[arch-dev-public] package signoffs

Allan McRae allan at archlinux.org
Tue Feb 9 03:49:56 EST 2010


On 09/02/10 18:38, Jan de Groot wrote:
> These days it looks like almost nobody in our developer team uses i686
> anymore. I still have a laptop running it, but I barely use it.

I think both architectures are an issues, although I agree i686 is 
worse.  There is rarely a signoff without requiring a bump these days.

As an aside, in the last month there has been five devs signoff for i686 
(me, Eric, Andrea, Vesa, Dan), but I was surprised to see three of these 
still used i686...

> I think it's time to revise our signoff policy. I was thinking about
> making it a bit more flexible:
>
> - signoff by 3 devs, no matter what architecture, and no bugs within 3
> days ->  move
> - signoff for both architectures, 2 each ->  move
> - no signoff, no bugs for a week ->  move

Sounds fine to me.  I know several of us give a "signoff" after a week 
if there appears to be no issues whether or not we use the package...

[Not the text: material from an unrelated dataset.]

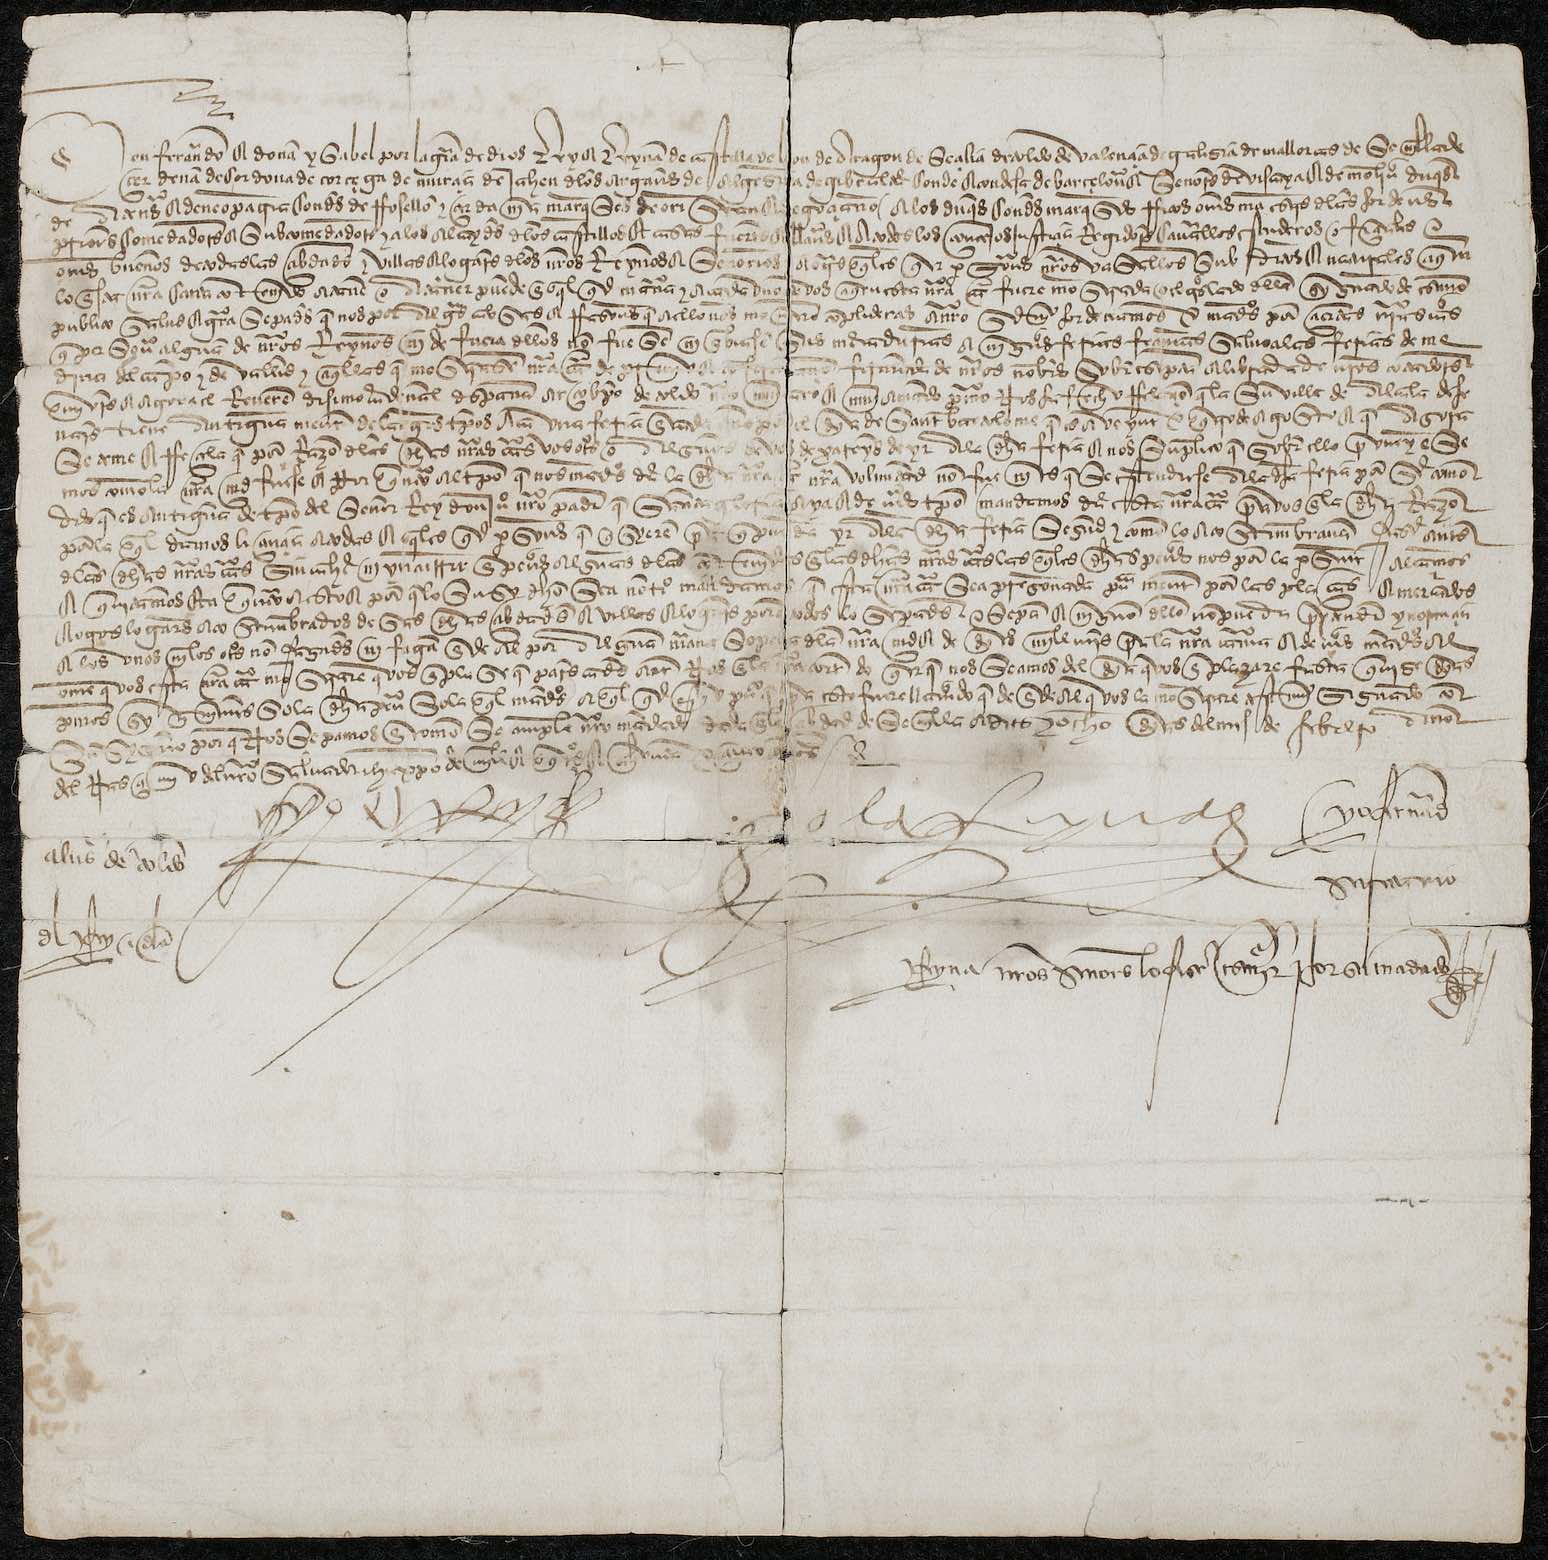 Charter of Isabel I, Queen of Castile and Leon, and Fernando V, King of Castile and Leon.
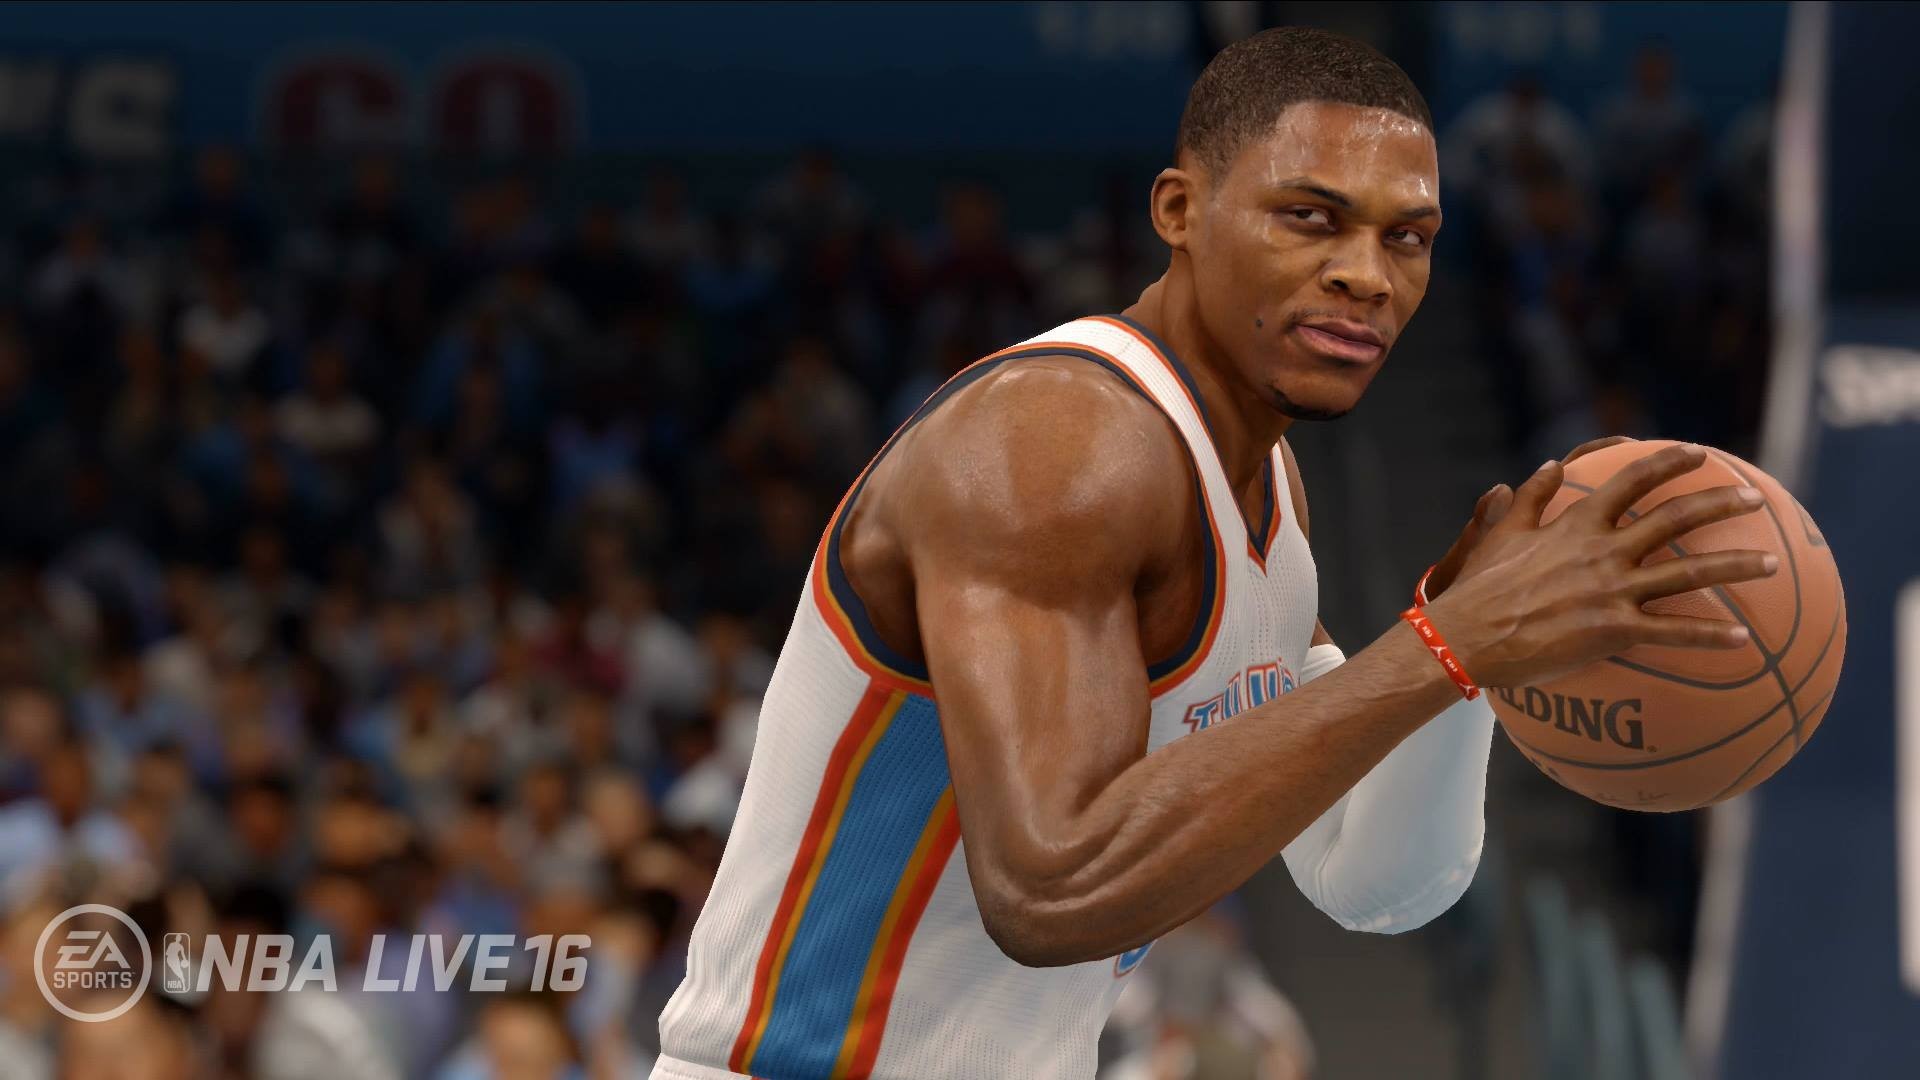 Another NBA Live 16 Screenshot of Russell Westbrook

> For the last thing to get implemented, this can be a bit tricky.
> Sometimes developers throw something in testing, just to test something,
> and it sits there for weeks without anyone knowing why it's in testing.
> I would like to have every package that goes to testing getting
> committed with a reason in the commit message. This way we can find out
> why something is in testing and if we can easily move it out without
> breaking things.

Good commit messages should make the reason for testing clear anyway.